Abstract

[Extract] Singapore has been described as an 'administrative state' (Chan 1975), and its governance as 'the management of compliance' (Wilkinson and Leggett 1985). It is a state whose People's Action Party (PAP) leaders have established a mode of institutional social control - labelled 'bureaucratic authoritarian corporatism' by Deyo (1981) - and proclaimed 'pragmatism' as their party's ideology. Since the 1980s there has been a softening of the exercise of social control. For example, Singapore workers who were chided in the early 1980s for 'job hopping' (Straits TImes 14 September 1981), in the late 1990s were urged to become mobile (Ministry of Manpower 1999). Almost 50 years ago the PAP was elected to government in Singapore and immediately set about regulating industrial relations to meet the requirements for industrialization, an example of its pragmatic approach to governance in the state, including the management of industrial relations. Since then, there have been three transformations - morphological changes in which residual elements of the previous state remain discernible in the new - of Singapore's industrial relations. The first transformation, from 1960 to 1967 was from regulation by colonial administrators (Kerr et al. 1960) to the regulation of a plurality of industrial relations parties by the post-colonial PAP government.
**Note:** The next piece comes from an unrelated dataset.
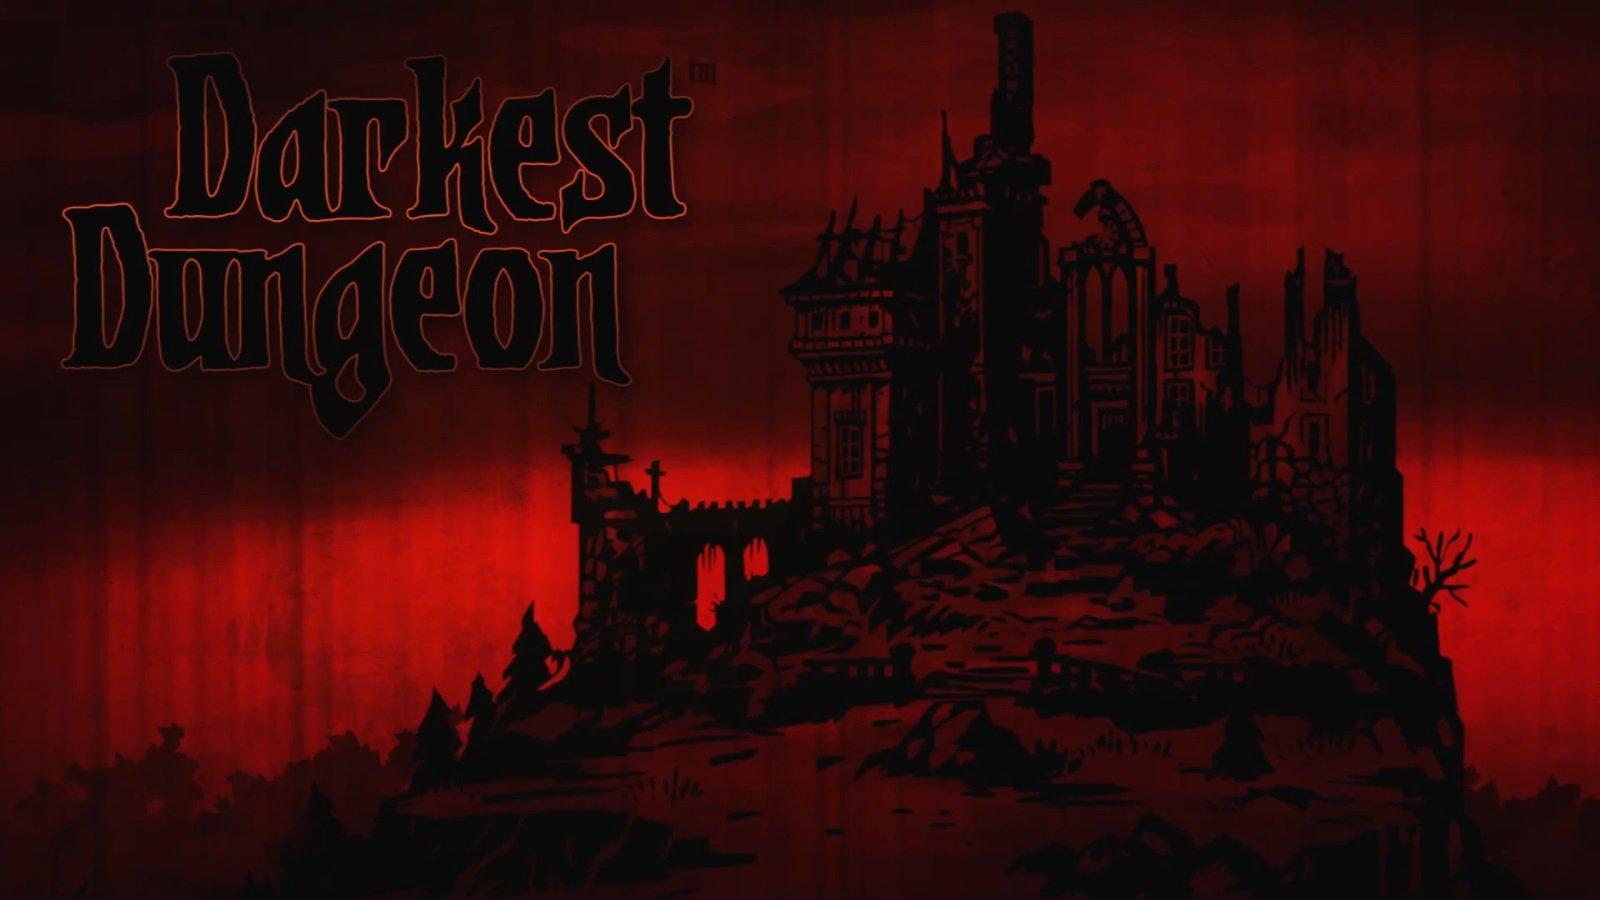 """Darkest Dungeon - правильная RPG про """"вомгле"""" - Изображение 1"""

The second transformation, from 1968 to 1978, was from regulated pluralism to corporatist industrial relations, in which the trade union movement became an adjunct to the government's imperatives for Singapore's economy. The third transformation, from 1979 to 1986, saw a shift to paternalism by the government and the incorporated institutions of industrial relations. Since 1986, there has been a progression (rather than a transformation) from 'industrial relations' towards 'manpower planning' (Leggett 2007). Following Hyman's typology (Gospel, Chapter 2 this volume), with the second transformation, Singapore's trade unions moved away from their confrontational class direction under the colonial regime towards a collaborative social partnership under PAP hegemony, but with market goals stressed as national imperatives.